**Activity:**
Your answer must be only the lines below from the one containing "stylish high heel shoes" through the one containing "D.v. Kap Home Azure Maze Pillow In Teal", copied exactly, with the pictures left out.

**Data:**
******
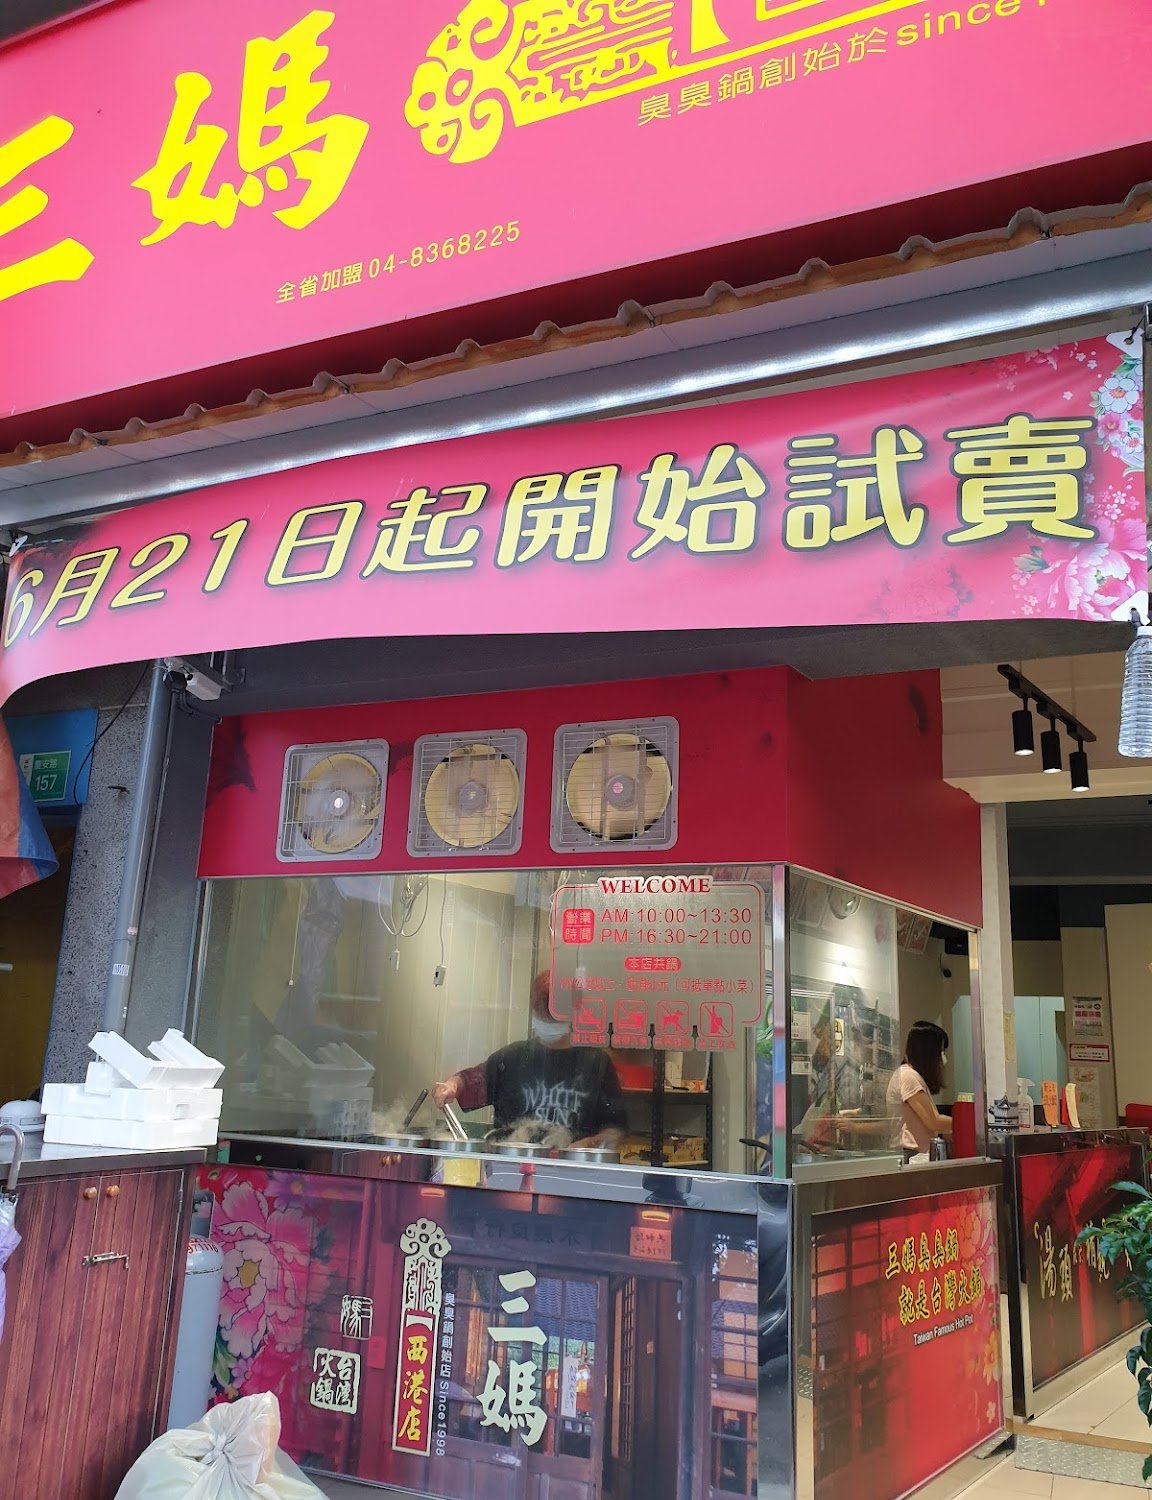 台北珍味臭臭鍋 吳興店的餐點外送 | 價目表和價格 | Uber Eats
******
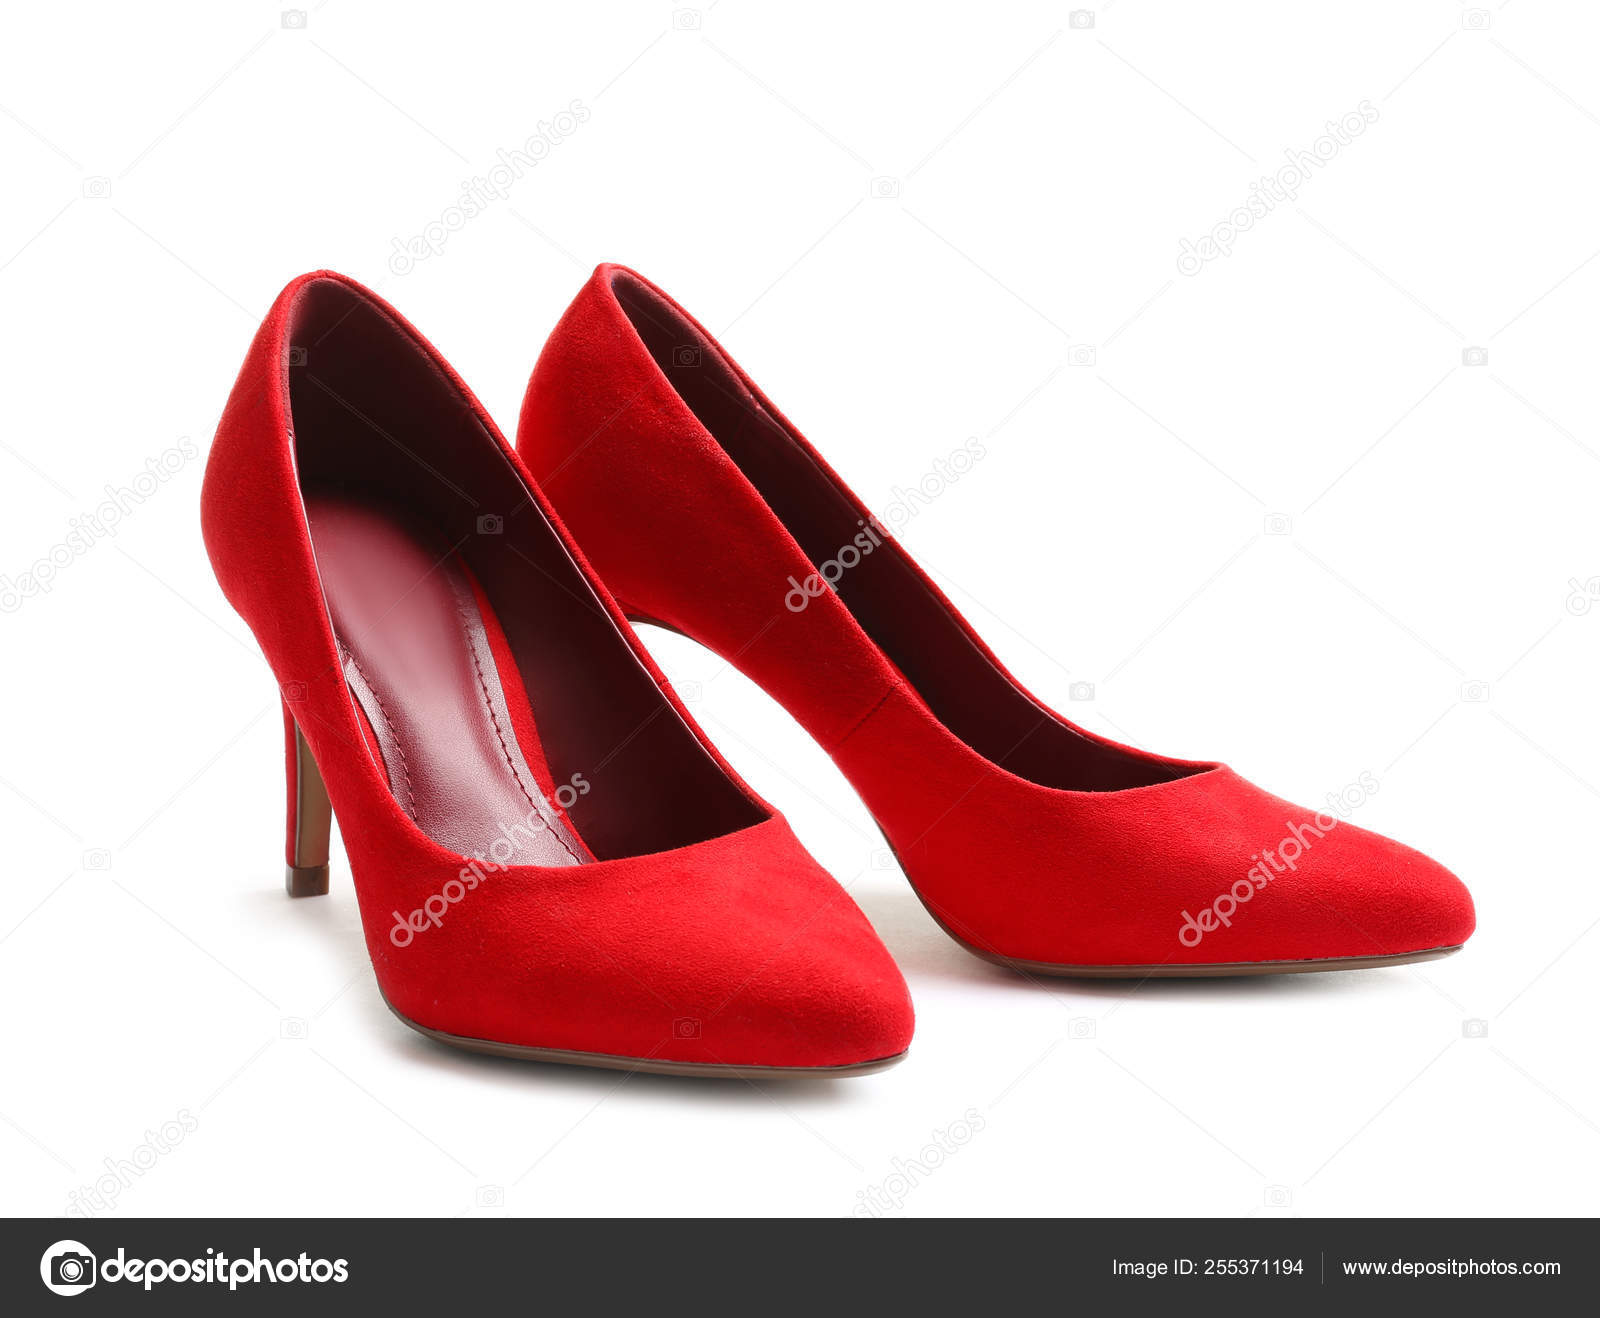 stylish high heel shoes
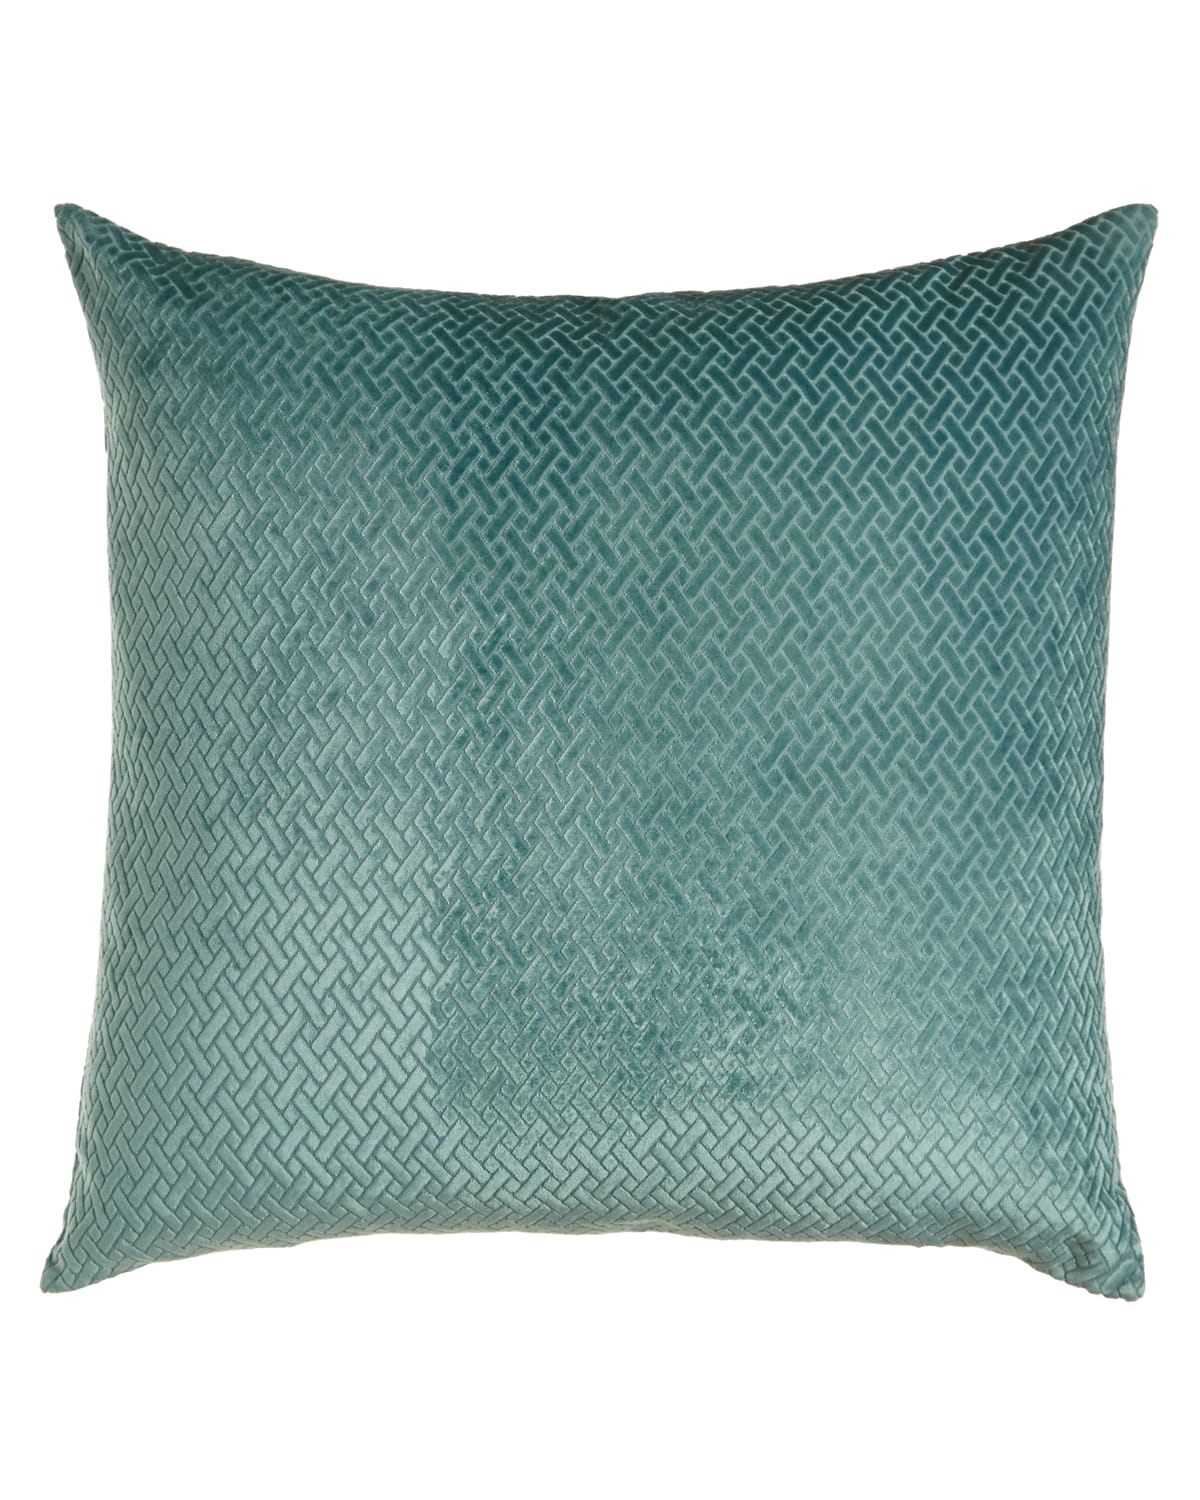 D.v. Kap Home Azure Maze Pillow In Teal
******
**Task solution:**
 stylish high heel shoes
 D.v. Kap Home Azure Maze Pillow In Teal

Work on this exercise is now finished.